The Upper South woman is more like the English countrywoman in her preference for four-legged creatures. We have the ‘horsey lady’ and the ‘doggy lady’, who carry gooey, sticky things in the pockets of their ruined jackets. Her idea of a sexy image is not flouncing around in a hoop skirt — which in her case would probably have dried mud on it — but riding a horse through a hotel lobby like mad, bad Sally Ward of Kentucky did in the 1840s. She also tells jokes that unabashedly reveal her priorities, e.g., an elderly woman on her deathbed tells her weeping family, ‘Don’t grieve for me. I’m going to meet General Lee! [trenchant pause] And Jesus.’ Many in the Deep South would find this sacrilegious. Many others would figure the teller had told it wrong, which probably explains why I heard somebody in Mississippi tell it with the names reversed. Incredibly, the audience laughed.
In addition to Maryland and Virginia, South Carolina is considered by many to be part of the Upper South thanks to the social and military primacy of the city of Charleston, its manners and mayhem. Charleston really is a classy burg; in the words of Margaret Mitchell: ‘she had a deeply rooted belief that... most of the gentle blood of the whole continent could be found in that small seaport city, a belief shared largely by Charlestonians.’ Moreover, both state and city are the teacher’s pets of the Civil War. South Carolina was the first state to secede, and Charlestonians fired the first shot at Fort Sumter, the Union garrison in Charleston harbour.

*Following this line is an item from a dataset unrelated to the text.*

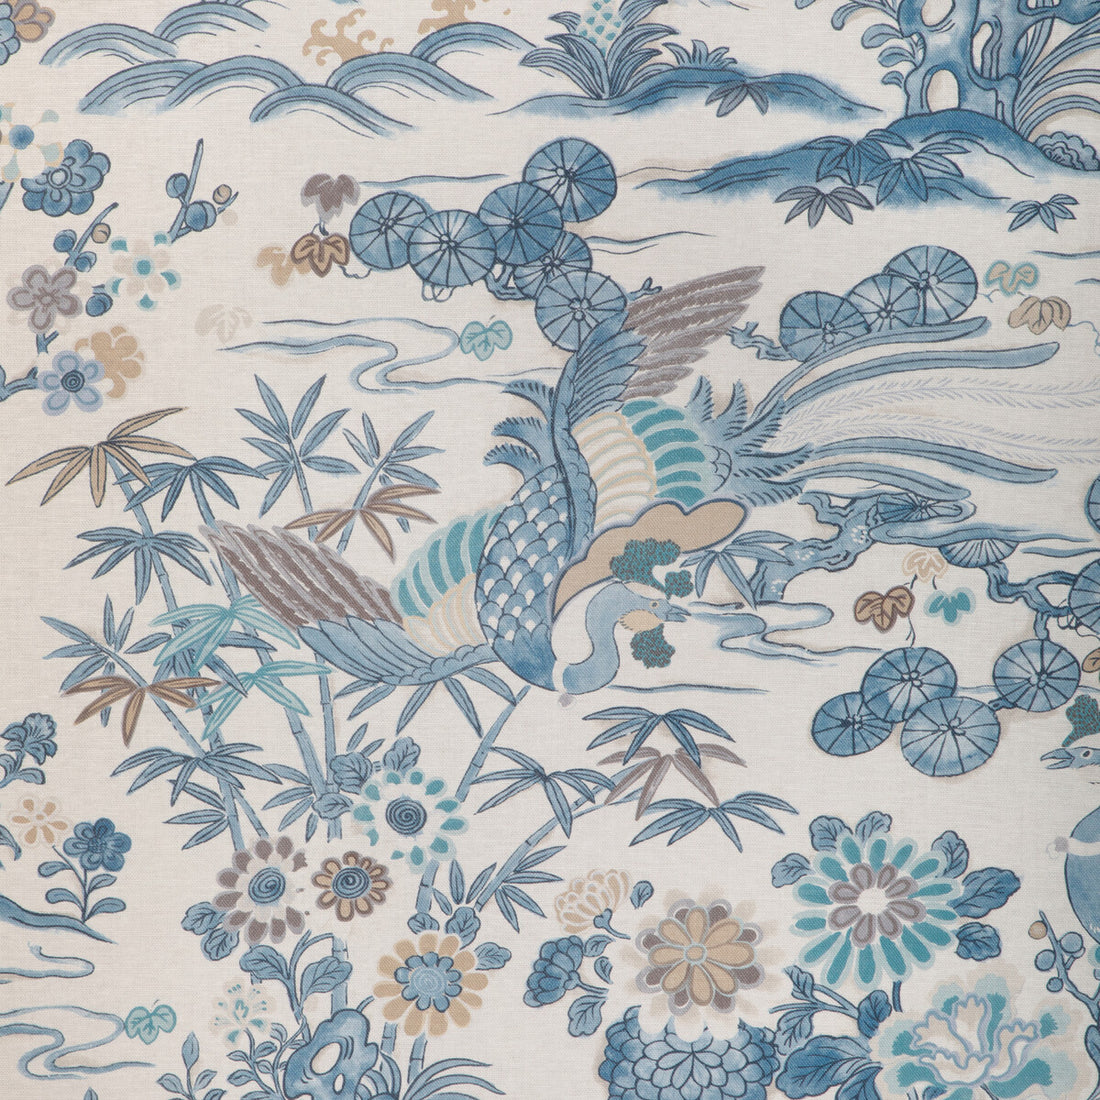 Sakura Print fabric in blue color - pattern 2023139.55.0 - by Lee Jofa in the Garden Walk collection
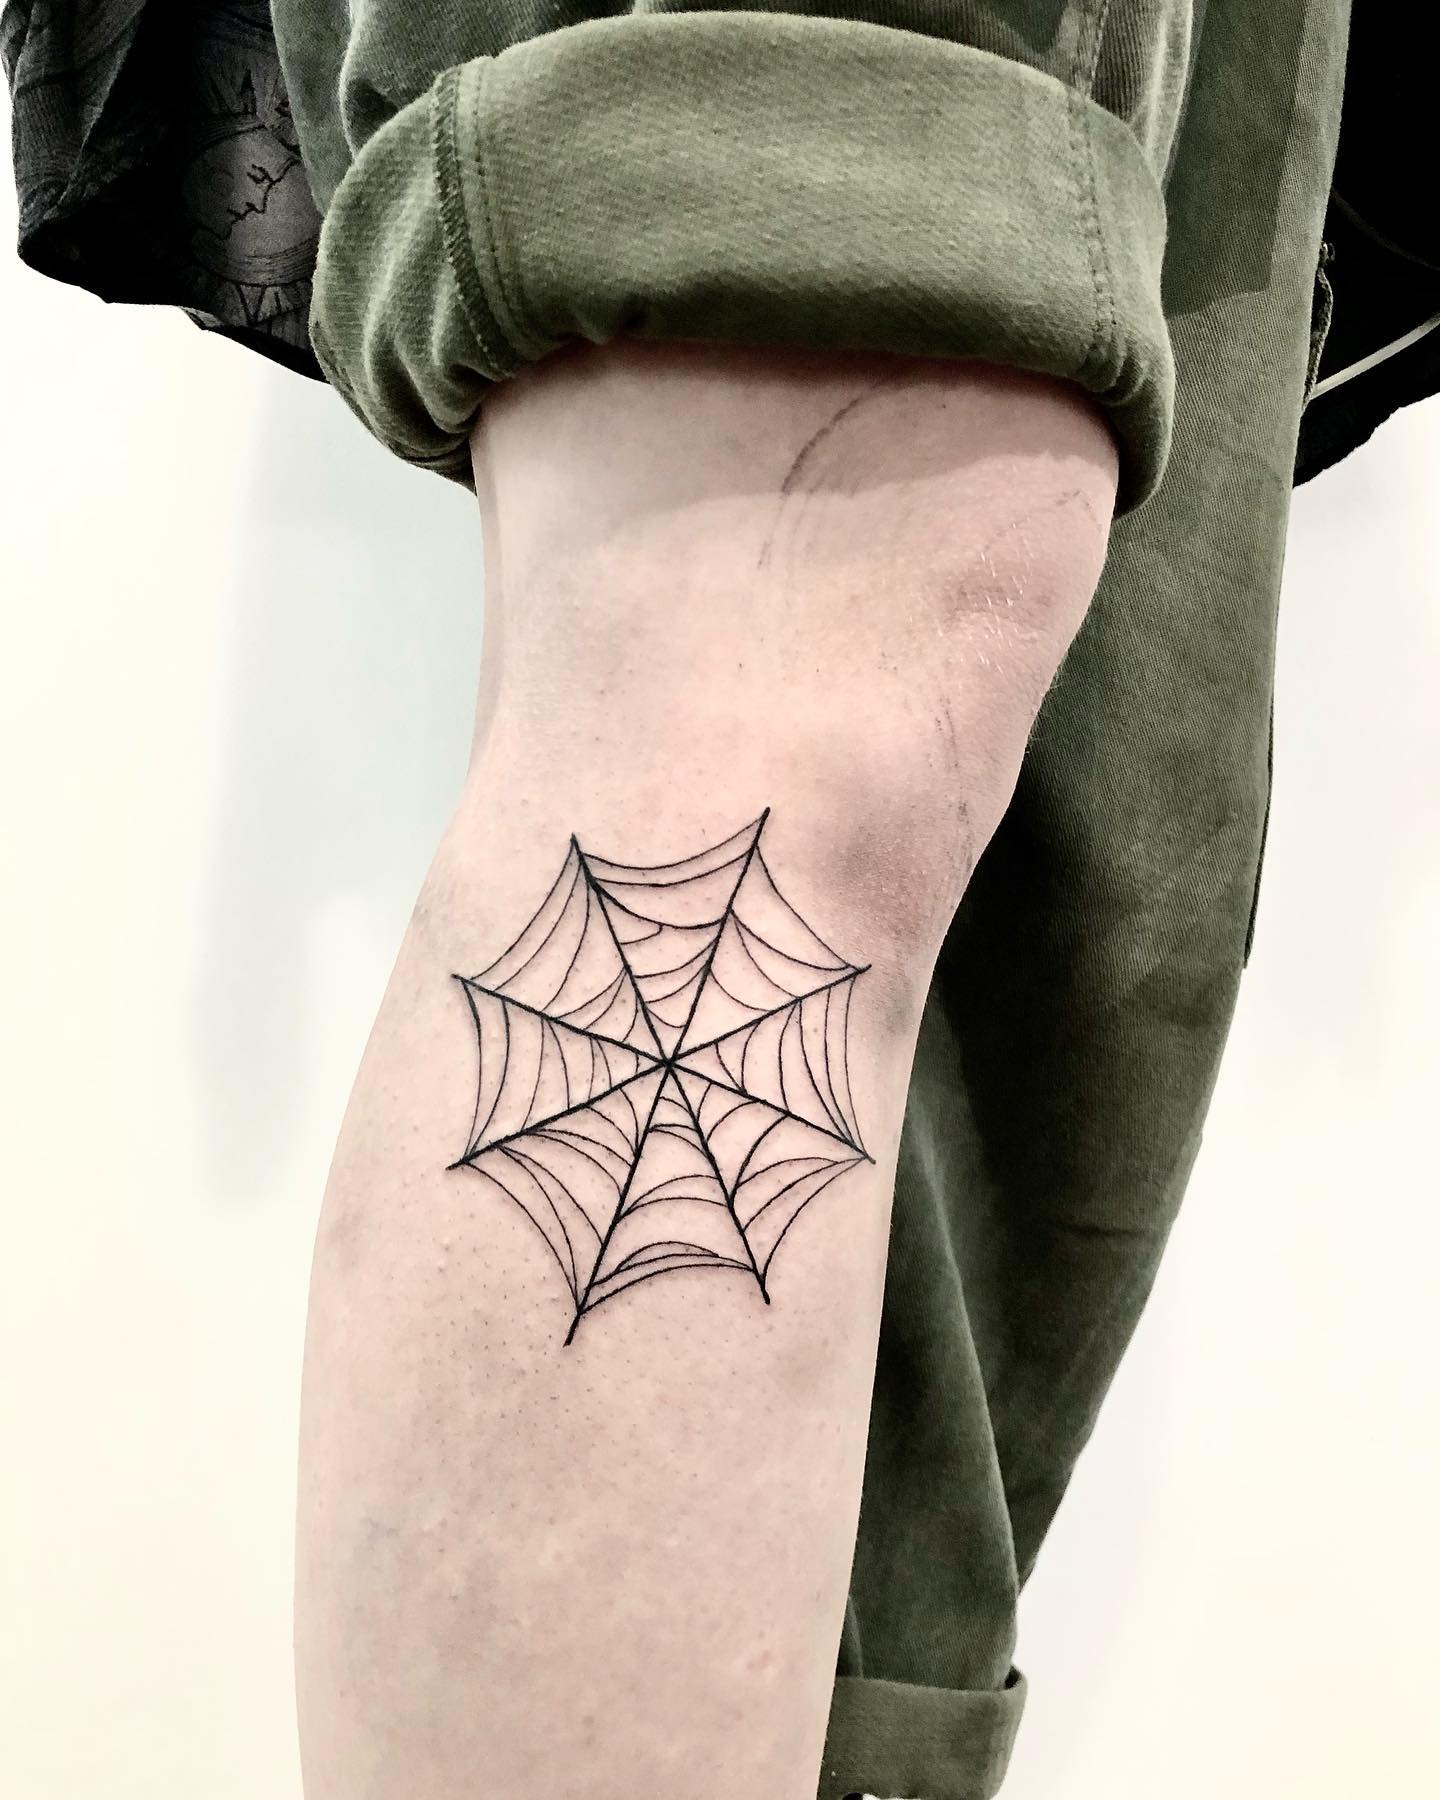 Web tattoo over your knee will suit most guys who like quirky trends and unusual placement options.

It was fired by the Virginia-born Edmund Ruffin, an impassioned Confederate who, infuriated that Virginia was not the first state to secede, moved himself and his loyalties to South Carolina. The ever-polite Charlestonians invited him to man the first cannon and he let fly with a vengeance. Four years later, when he learned that Lee had surrendered, Ruffin wrapped himself in a Confederate flag and put a bullet through his head. We haven’t heard the last of him. Civil War buffs in the Upper South are still arguing over whether he is a Virginian or a South Carolinian. The writer who identifies him as the former will be bombarded by mail from readers who object, and vice versa. It never ends.
Lost in this shuffle is the state of North Carolina, much larger than South Carolina and contiguous to Virginia but singularly unblessed by membership in the Upper South. It has plenty of tobacco but not a lot of horses or Episcopalians; it doesn’t grow cotton, is not famous for mules, but it has Baptists galore. North Carolina simply fell between the slats and, there being no such thing as the mid-South, had to be called something else. The name that Virginia and South Carolina came up with is ‘a desert between two oases’.
All of these distinctions are fading. The Deep South has the best novels and movies, so that is the South that the rest of America and the whole world knows best and wants more of. The horsey lady and the doggy lady are fun but they can’t compare to James Dickey’s barbaric hillbillies, Truman Capote’s creepy kids, or androgynes (like Tennessee Williams’s Sebastian Venable) who are so sensitive that they have to be carried around on a velvet pillow and fed with an eye-dropper.
We are all Deep South Southerners now. Simple, friendly America needs somebody to be gothic, so tag! We’re it. I discovered just what is expected of me as a Southerner when I took part in one of those weekend seminars that colleges love to sponsor. The topic was: ‘The Gothic Mall: Conflict and Duality in the New South’. I detected a whiff of attraction-repulsion hanging in the air that emerged full force in the question period, when a New York graduate student in sociology asked me: ‘Are you presently tormented by anything, and if so, what?’